IV- Sociologie des professions
Jusqu’aux années 1980, la sociologie du travail s’est beaucoup intéressée aux ouvriers de l’industrie, et
souvent la sociologie du travail s’est enfermé dans les 4 murs de l’atelier dans lesquels on trouvait des
hommes, ouvriers, et si possible plutôt syndiqués, conscients etc. Il y avait une forme d’ouvriérisme dans la
sociologie française du travail ; mais il y a eu quelques travaux sur les femmes dans l’industrie (Madeleine
Guilbert) et les ouvrières par quelques pionnières de la sociologie féministe (Danièle Kergoat, les ouvrières,
1980). Les femmes ont été longtemps les oubliées de la sociologie du travail et des mouvements sociaux.
Donc le monde du travail et singulièrement la classe ouvrière est apparue un peu moins homogène que dans
le passé. Dans les années 80 on a vu apparaître dans la sociologie du travail des études très variées sur tout
un tas de catégories de travailleurs et de travailleuses auxquelles on ne s’était jamais intéressées auparavant ;
Les instituteurs, les policiers, les surveillants de prison, les infirmières Les professions à haut statut
avocats, notaires, médecins etc. C’était déjà le cas aux EU et cela s’est produit en France
Années 1980-1990 > Sociologie de l’emploi
A côté du développement fort de la sociologie des professions, la sociologie du travail s’est massivement
orientée vers une sociologie de l’emploi. La question du chômage a également été accompagnée d’une
sociologie du chômage comme phénomène, comment le compter, quoi définir comme situation effective de
chômage ou pas ; chômage comme état : sociologie des chômeurs, du vécu du chômage, des ressources et
des faiblesses des individus face à la recherche d’emploi etc. Sociologie de l’emploi ensuite dans l’évolution
des formes d’emploi et des contrats de travail, des modes de vie induits par le développement de la précarité.
Conclusion
On assiste à un retour relatif à une sociologie plus proche des travailleurs et des travailleuses en particulier
les plus vulnérables : recherche sur le travail des salariés des associations en contrat précaire aidé, recherche
sur les travailleurs du bâtiment et la question des travailleurs sans-papiers, recherche sur des formes
invisibles de travail : les travailleurs détenus en prison, les travailleurs handicapés, le travail dans
l’économie illégale aux USA (vente de drogue), les salariés précaires des instituts de sondage. Tous ces
travaux s’intéressent aux conditions de vie, de salaire, à leurs tâches les plus concrètes et également à leur
vécu du travail, à la relation que ces travailleurs et travailleuses entretiennent avec leur travail, à leur
socialisation professionnelle.
Beaucoup de travaux de type ethnographique dans tout cela. Le travail et les réalités du travail n’est pas le
monopole des sociologues, il l’est même de moins en moins, les économistes et surtout les managers
savants, les sociétés de conseils produisent un discours très présent médiatiquement sur le monde du travail.
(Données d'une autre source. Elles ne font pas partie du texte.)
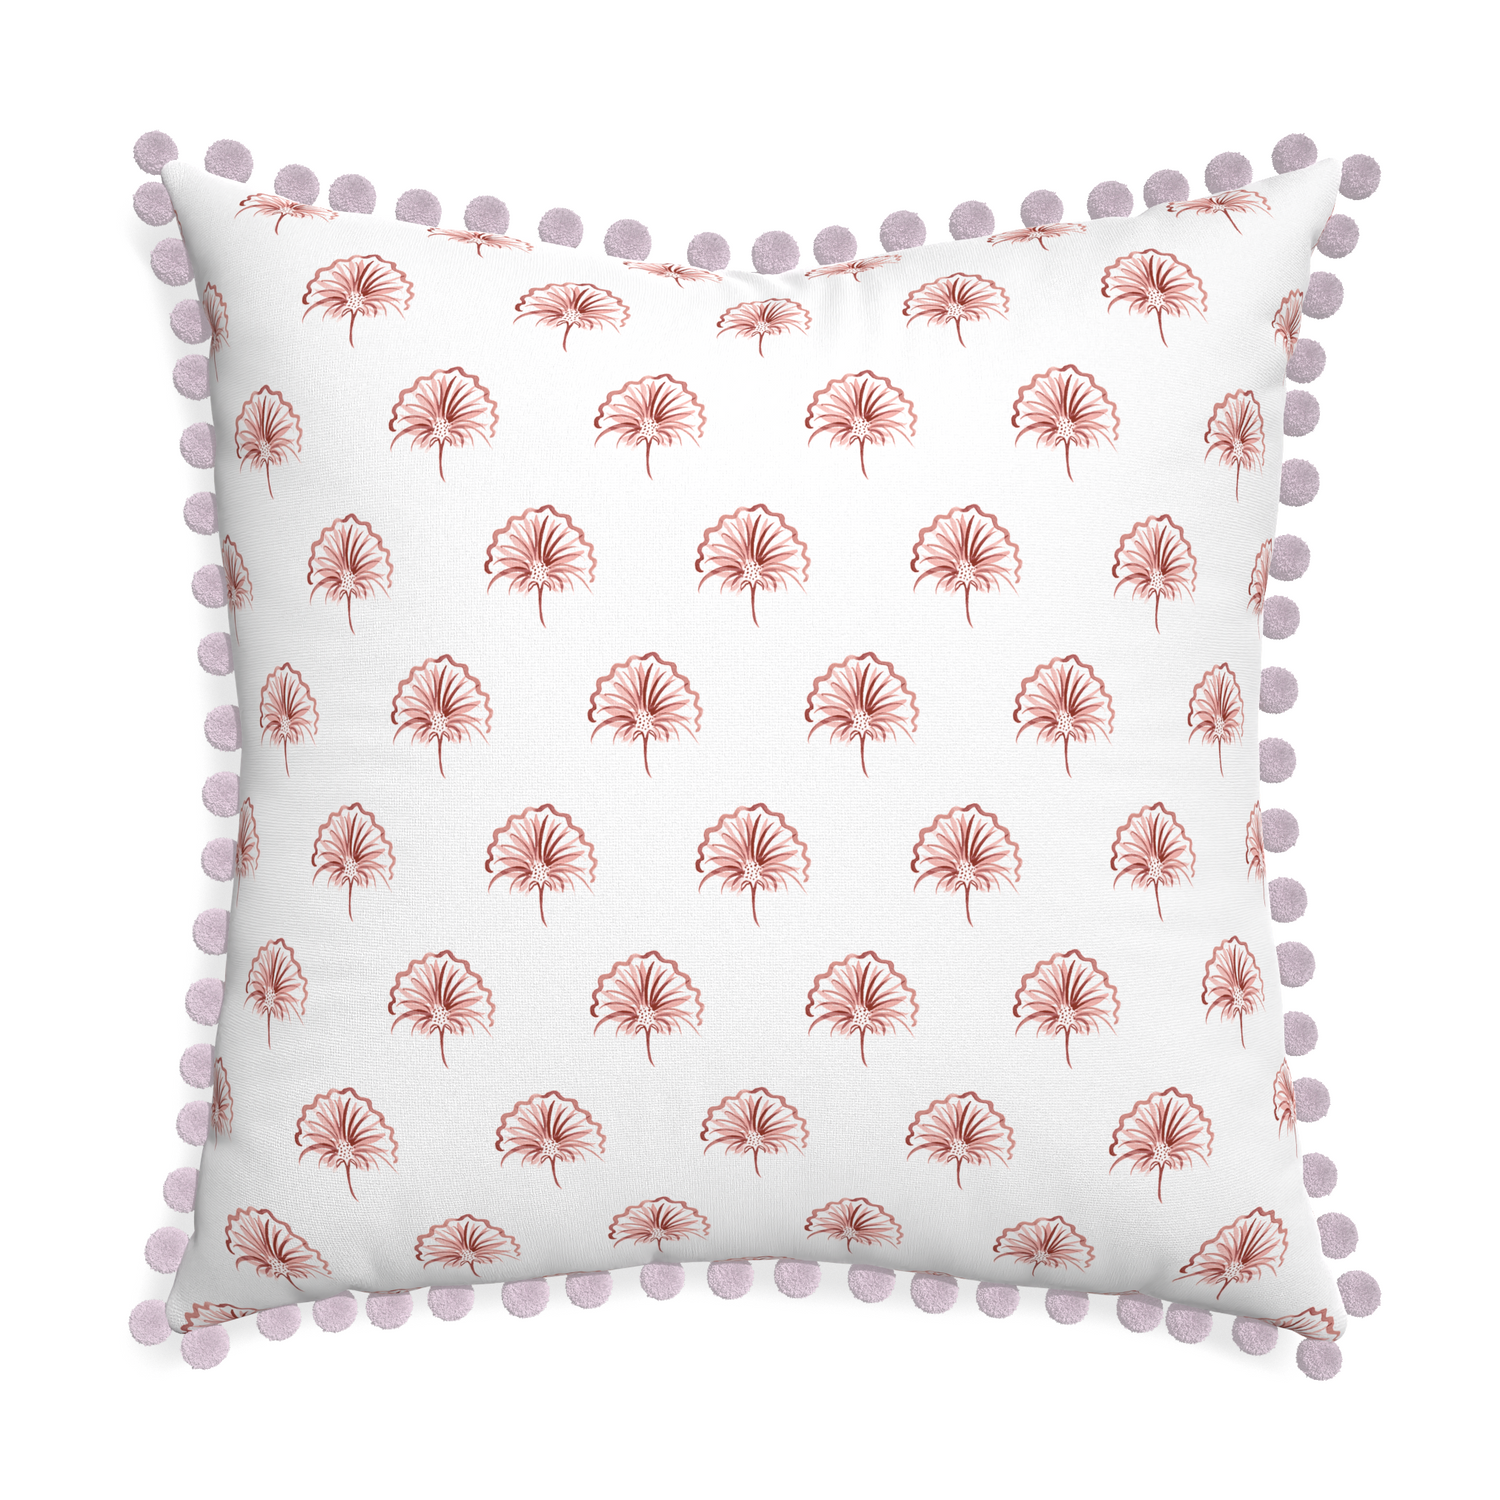 Euro-sham penelope rose custom pillow with l on white background

La sociologie du travail contemporaine articule de plus en plus différentes spécialités de la sociologie, elle
s’est largement décloisonnée pour entrer en dialogue avec les historiens du travail, l’anthropologie ou la
psycho-pathologie du travail ; surtout beaucoup de travaux actuels utilisent les acquis issus de la sociologie
générale sur la socialisation, le genre et les classes sociales.